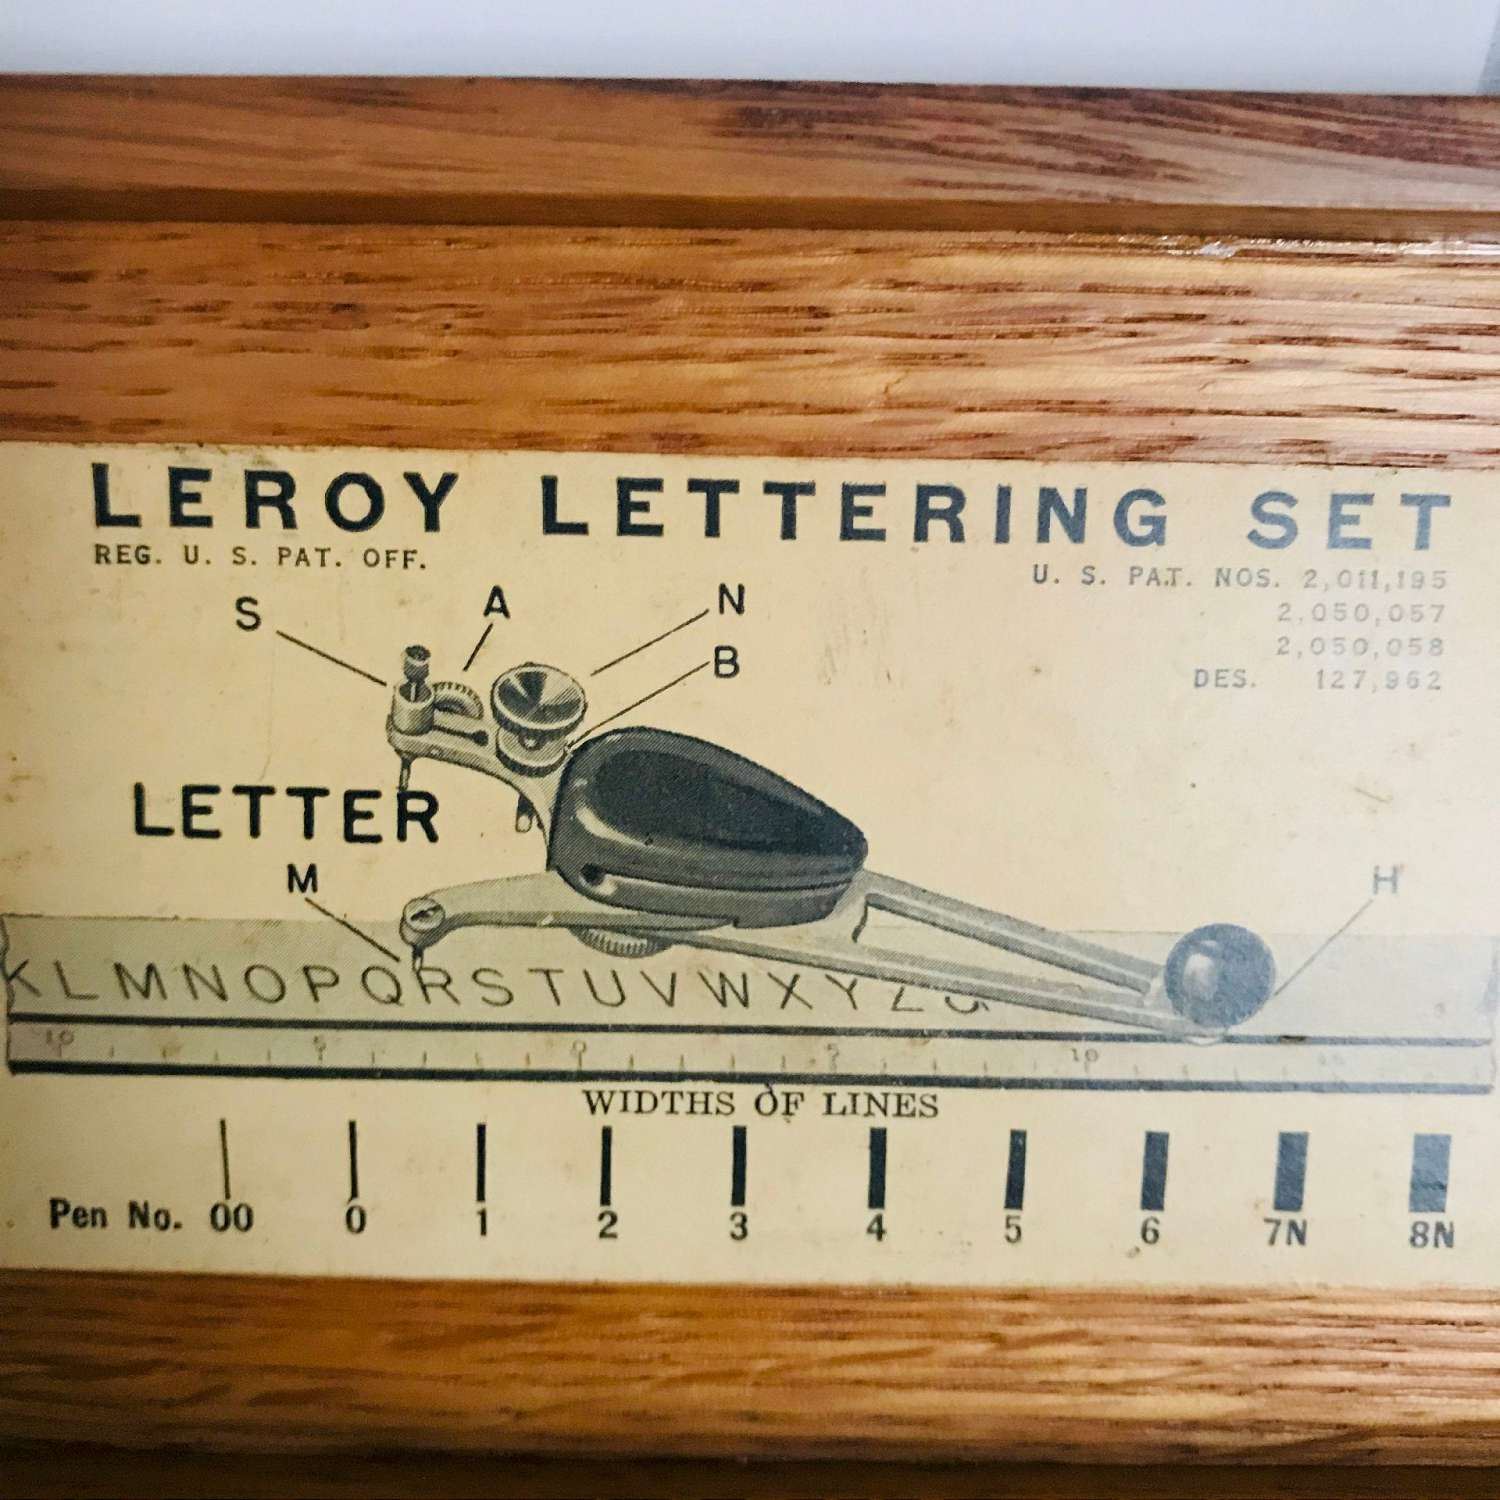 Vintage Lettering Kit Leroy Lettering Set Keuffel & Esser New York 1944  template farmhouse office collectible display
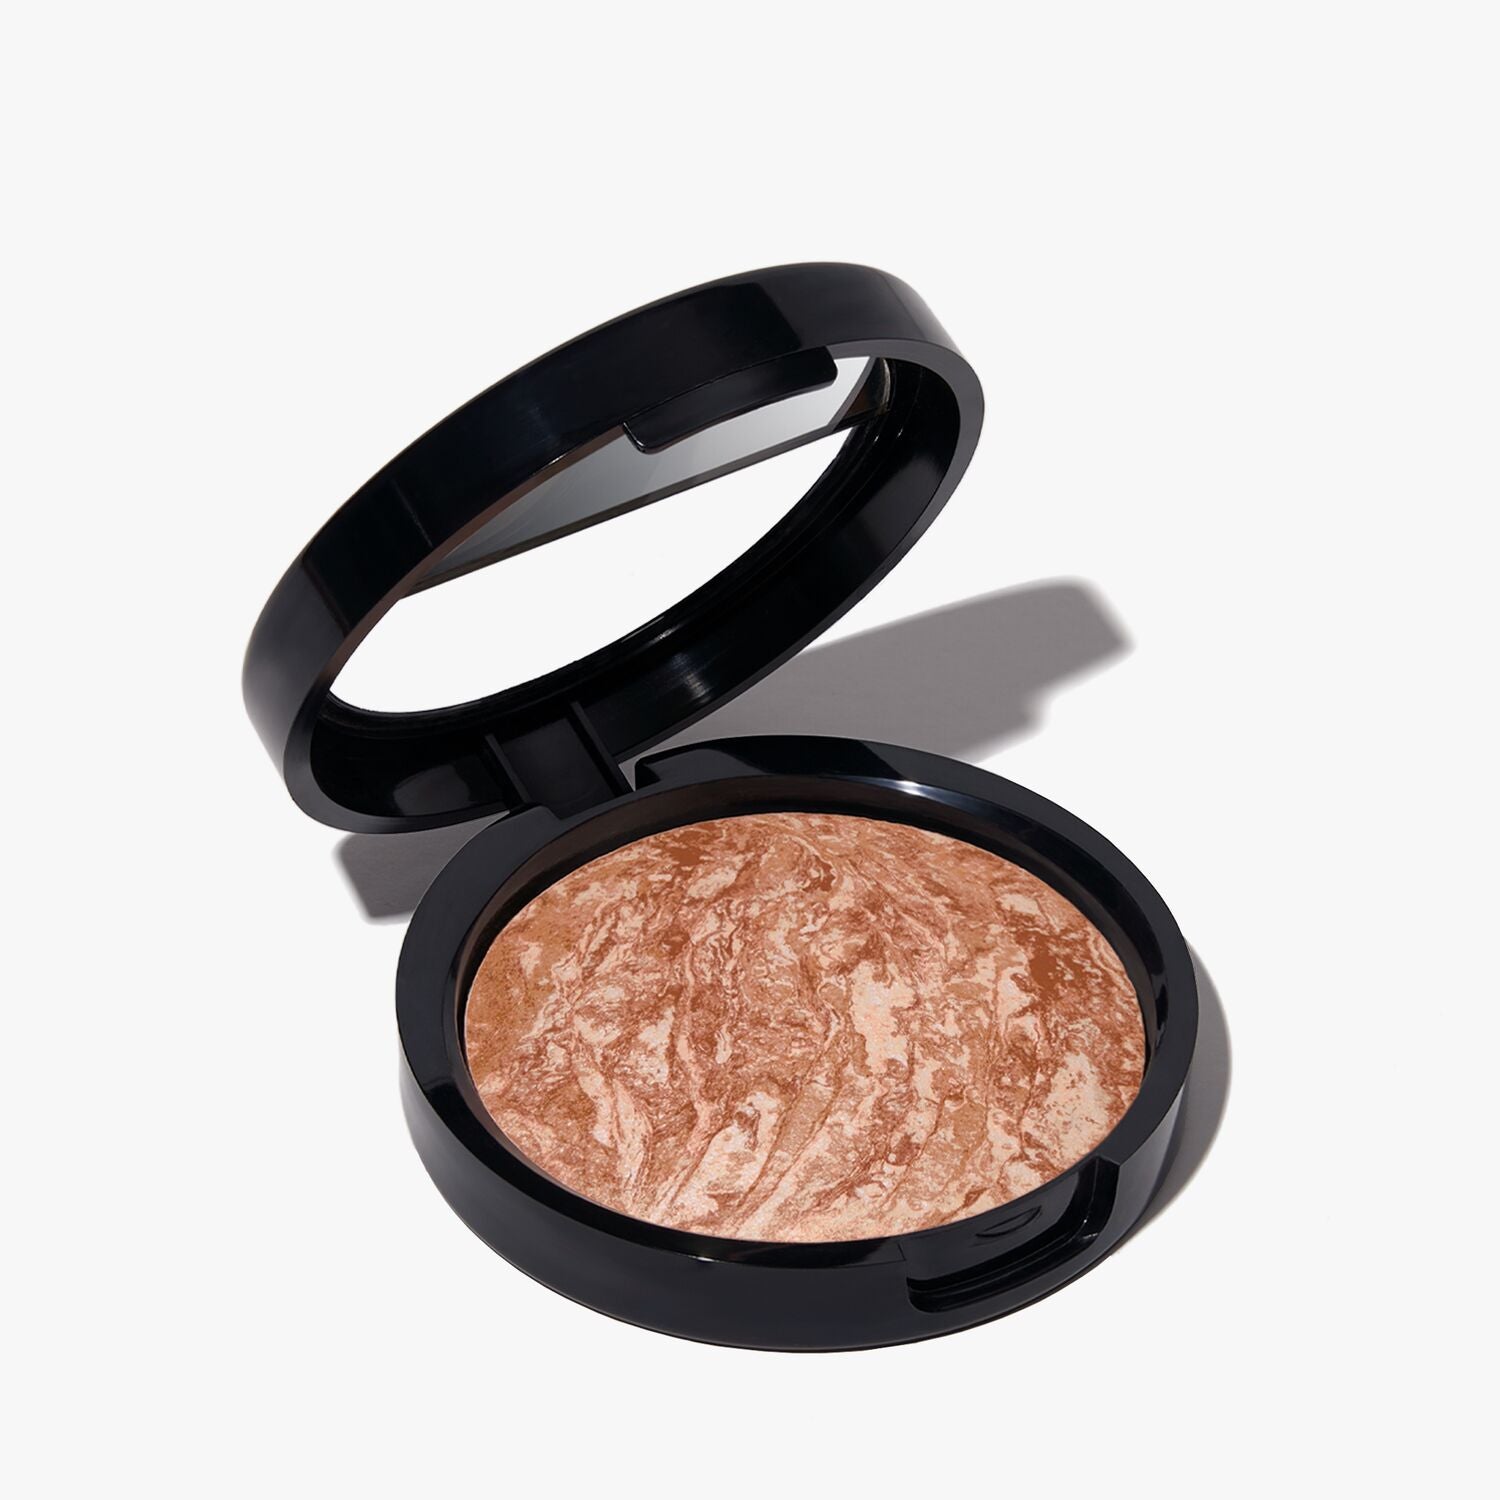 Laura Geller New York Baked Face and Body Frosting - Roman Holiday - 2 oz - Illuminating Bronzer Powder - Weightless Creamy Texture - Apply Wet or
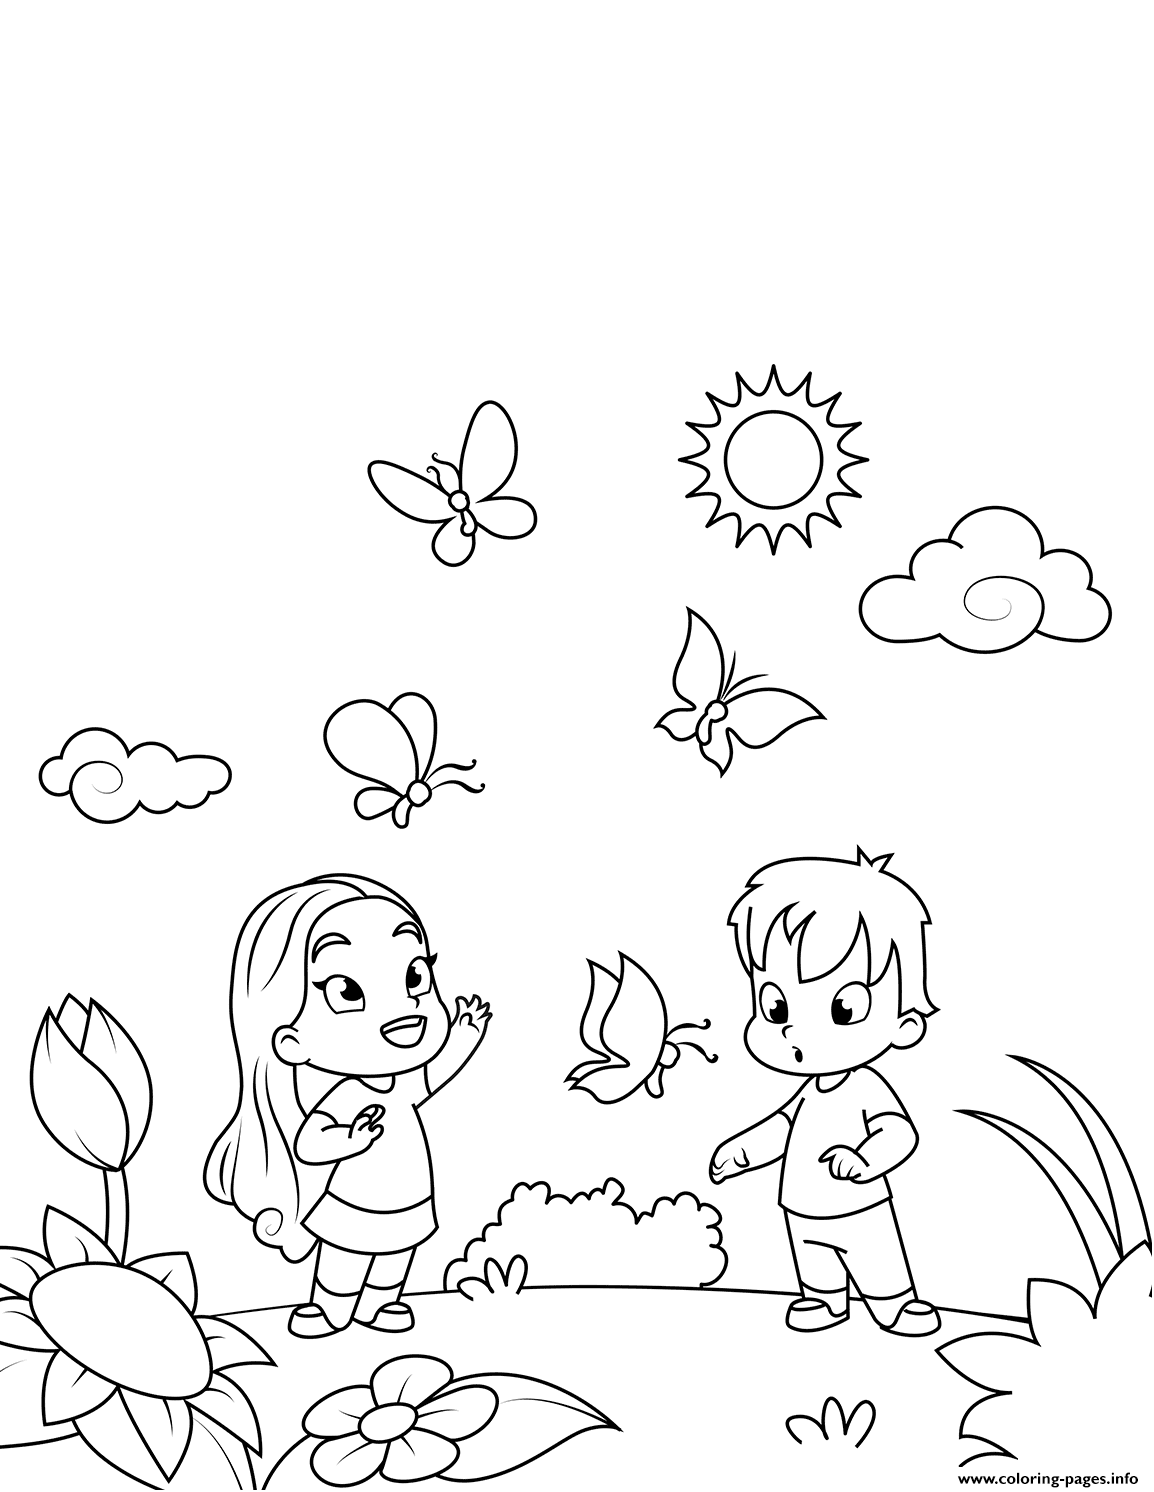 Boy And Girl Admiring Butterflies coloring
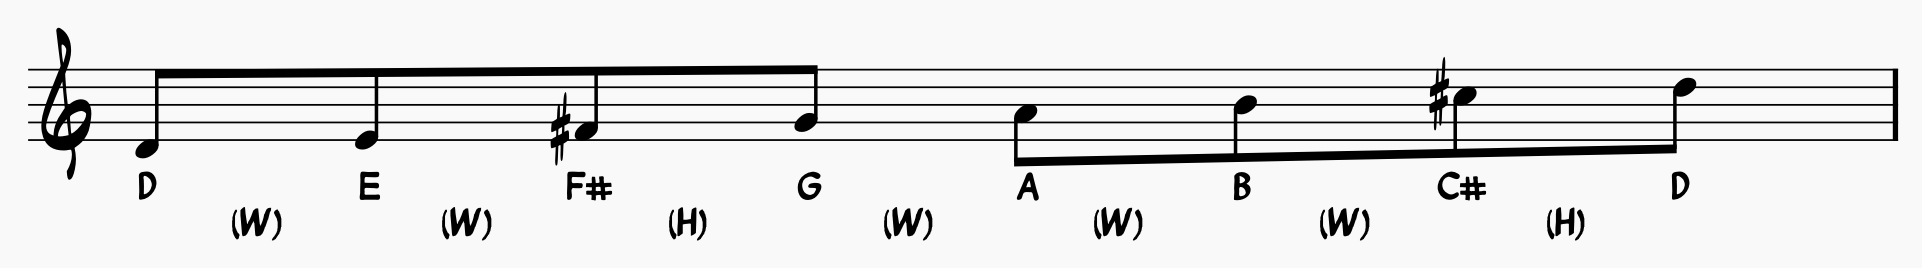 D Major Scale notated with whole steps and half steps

→ What to do
Set down the data above word for word, leaving every picture out.

→ Exercise result
 Vintage Lettering Kit Leroy Lettering Set Keuffel & Esser New York 1944  template farmhouse office collectible display
 Laura Geller New York Baked Face and Body Frosting - Roman Holiday - 2 oz - Illuminating Bronzer Powder - Weightless Creamy Texture - Apply Wet or
 Boy And Girl Admiring Butterflies coloring
 D Major Scale notated with whole steps and half steps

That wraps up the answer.